The warning letter, dated June 12, 2019, came in response to earlier correspondence between the two and summarizes significant violations of current good manufacturing practice (CGMP) regulations for finished pharmaceuticals, 21 CFR parts 210 and 211, according to FDA.
FDA said that because the company’s methods, facilities, or controls for manufacturing, processing, packing, or holding do not conform to CGMP, its drug products are adulterated within the meaning of section 501(a)(2)(B) of the Federal Food, Drug, and Cosmetic Act (FD&C Act), 21 U.S.C. 351(a)(2)(B).
During FDA inspection, investigators observed specific violations including, but not limited to, failure to perform, for each batch of drug product, appropriate laboratory determination of satisfactory conformance to final specifications for the drug product, including the identity and strength of each active ingredient, prior to release, and for each batch of drug product required to be free of objectionable microorganisms, appropriate laboratory testing, as necessary (21 CFR 211.165(a) and (b)). Products included Naawk Aloe Relief Gel + Lidocaine, Unscented SPF 30 Sunscreen Lotion, and Coconut Breeze SPF 50 Fill without adequate testing for identity and strength of the active ingredients. In addition, FDA said SnugZ also released finished drug products without adequate testing for critical microbial attributes.
FDA has requested that the company provide:
• Procedures for testing all finished drug dosage products according to your firm’s specifications.
• Completed chemical and microbial analytical method validation, equipment validation, and updated test methods. Also provide specifications that your drug products must conform to before a batch disposition decision.
• A summary of test results obtained from testing retain samples of all drug products within expiry that have been distributed in the United States. These test results should include identity and strength of active ingredients and all other appropriate quality attributes.
In addition, FDA contends the company failedto adequately test incoming active pharmaceutical ingredients (API) and other raw materials used in manufacturing your drug products to determine the conformance to identity, purity, strength, and other specifications. Instead, your firm released API and other materials based on the certificate of analysis (COA) from your supplier without establishing the reliability of the supplier’s analysis through appropriate validation and ensuring at least one specific identity test is conducted for each lot.

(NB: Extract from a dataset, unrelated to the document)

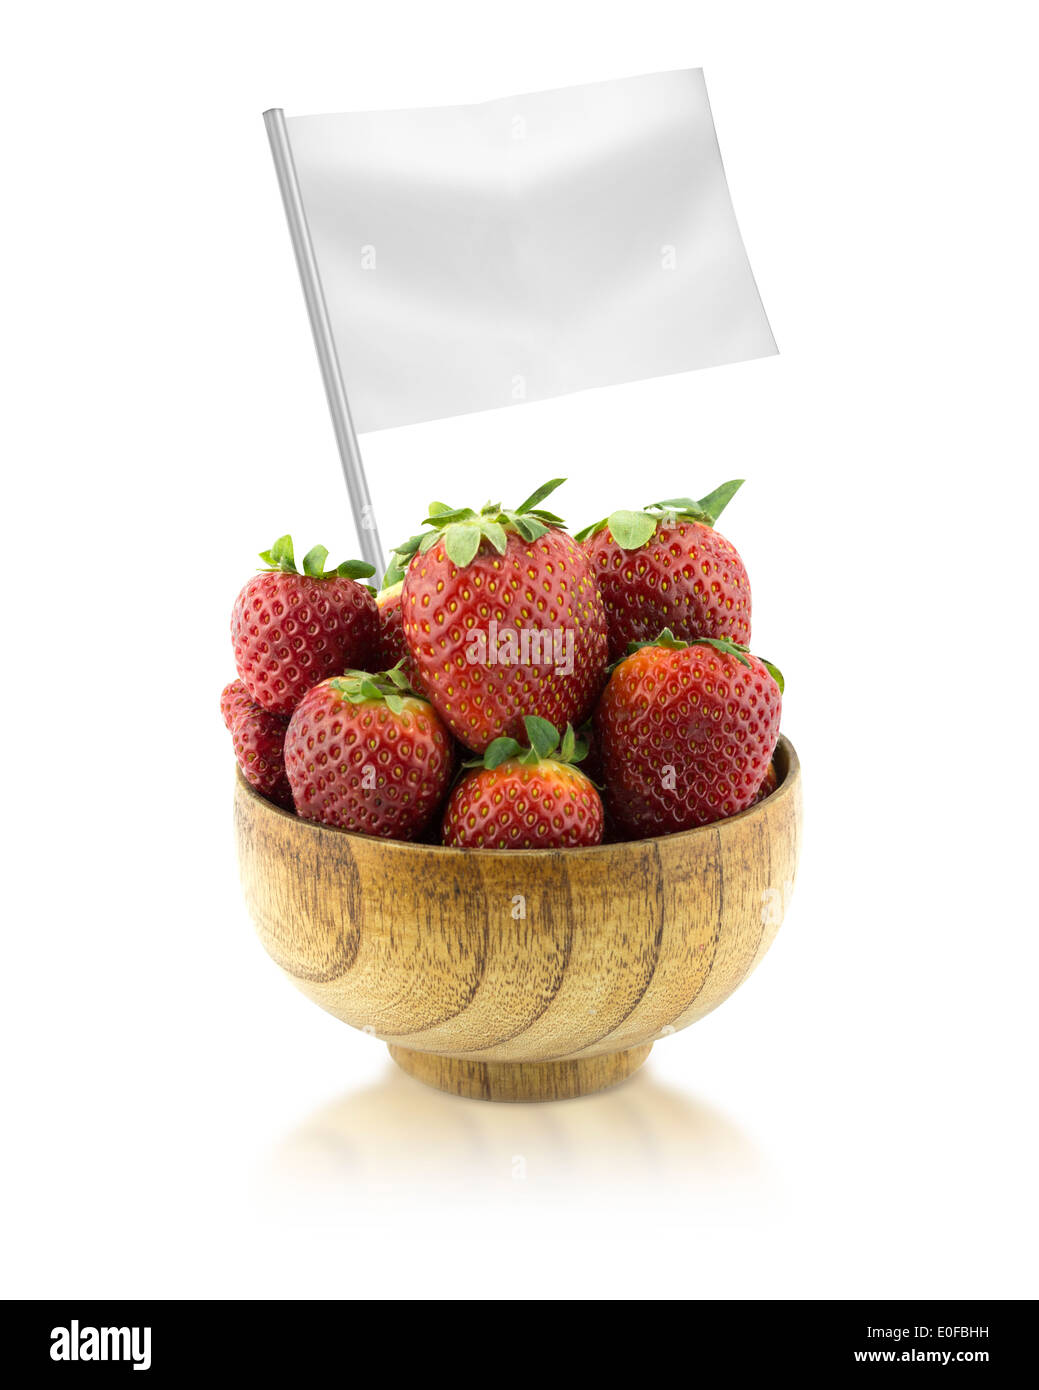 Healthy and organic food concept. Fresh Strawberries with flag showing the benefits or the price of fruits. Stock Photo

FDA said the firm also lacked an adequate quality unit (QU) and failed to establish adequate written procedures for production and process control designed to assure that the drug products you manufacture have the identity, strength, quality, and purity they purport or are represented to possess (21 CFR 211.100(a)).
Lastly, FDA said the firm failed to clean, maintain, and, as appropriate for the nature of the drug, sanitize and/or sterilize equipment and utensils at appropriate intervals to prevent malfunctions or contamination that would alter the safety, identity, strength, quality, or purity of the drug product beyond the official or other established requirements (21 CFR 211.67(a)).
For example, FDA said the investigator observed that filling equipment used to manufacture OTC drug products was filthy and contained drug product residues.
FDA said that in its reponse, SnugZ acknowledged the significance of the CGMP observations. However, FDA said the company “provided limited corrective actions and insufficient details and evidence to support that your proposed corrective actions will bring your operations and distributed drug products into full compliance with CGMP.:
SnugZ had 15 days after receipt the June letter, respond to FDA.